Tuesday, 1 June 2021

The Maidens by Alex Michaelides - Reviewed by Adam Colclough

 


W&N (10 Jun. 2021) £14.99 Hbk
 
Still grief stricken over the loss of her husband Mariana Andros is drawn back to Cambridge, where they met as undergraduates, when a friend of her niece is murdered. 

This is the first in a series of killings, the victims are all members of ‘the Maidens’, a group of students drawn into the orbit of charismatic academic Edward Fosca. As the murders continue and the police run out of leads Mariana becomes ever more convinced that Fosca is a killer and that her niece could be his next victim.
 
There is something pleasingly old school, possibly even golden age, about this second novel from the author of the hugely successful The Silent Patient. For all its location among the bicycles and dreaming spires of Cambridge and use of clues hidden in quotes from Greek tragedies Michaelides has delivered a very modern tale of suspense and psychological torment.
 
He is all too aware that the most dangerous secrets are the ones we keep from ourselves. A truth that the golden age writers towards whom Michaelides makes a discreet nod would have been either unaware of or would have thought wasn’t really cricket.
 
In line with this he gives Mariana a back story that might be nudging her perceptions of events towards paranoia and makes for an abundance of suspenseful situations.
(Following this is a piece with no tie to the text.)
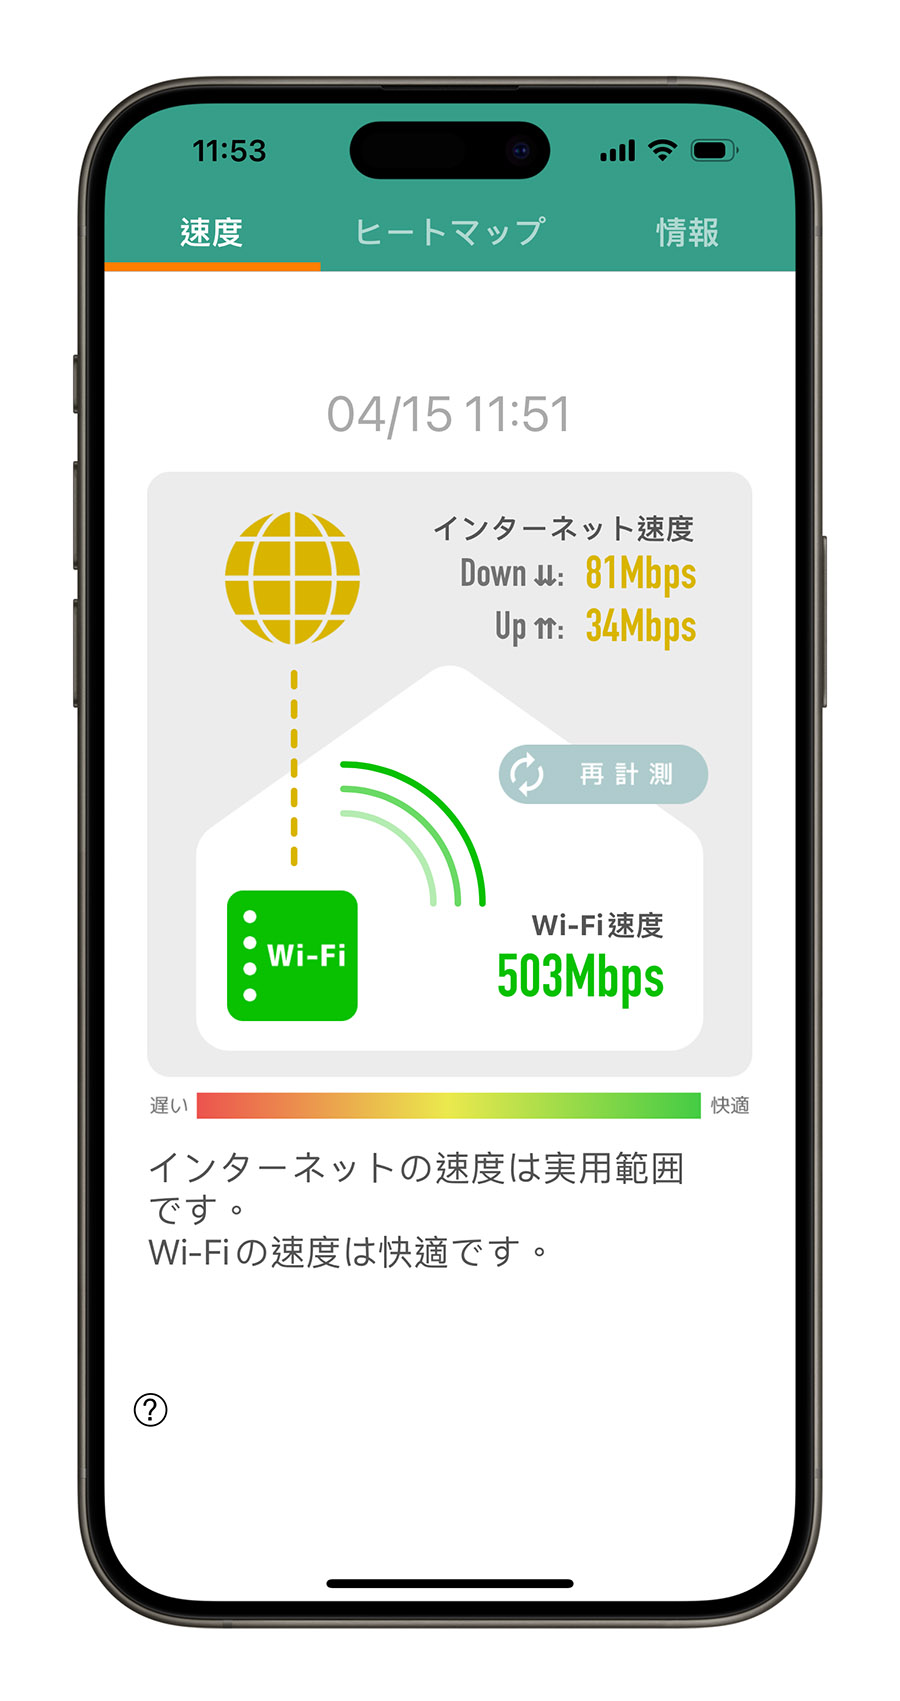 Wi-Fi 地圖 訊號 偵測 強度 App 推薦

He is aided in this by the atmosphere of a Cambridge college, with its arcane ceremonies and endless dimly lit passages, the latter all the better for someone to, maybe, stalk his protagonist along.
 
This is a solid follow up to a successful debut from a writer who knows how to twist the piano wires of his readers nerves.


Alex Michaelides was born and raised in Cyprus. He has a MA in English Literature from Trinity College, Cambridge University, and a MA in Screenwriting from the American Film Institute in Los Angeles. The Silent Patient was his first novel. It spent over a year on the New York Times bestseller list and sold in a record-breaking 49 countries. He lives in London.

Adam Colclough lives and works in the West Midlands, he writes regularly for a number of websites, one day he will get round to writing a book for someone else to review.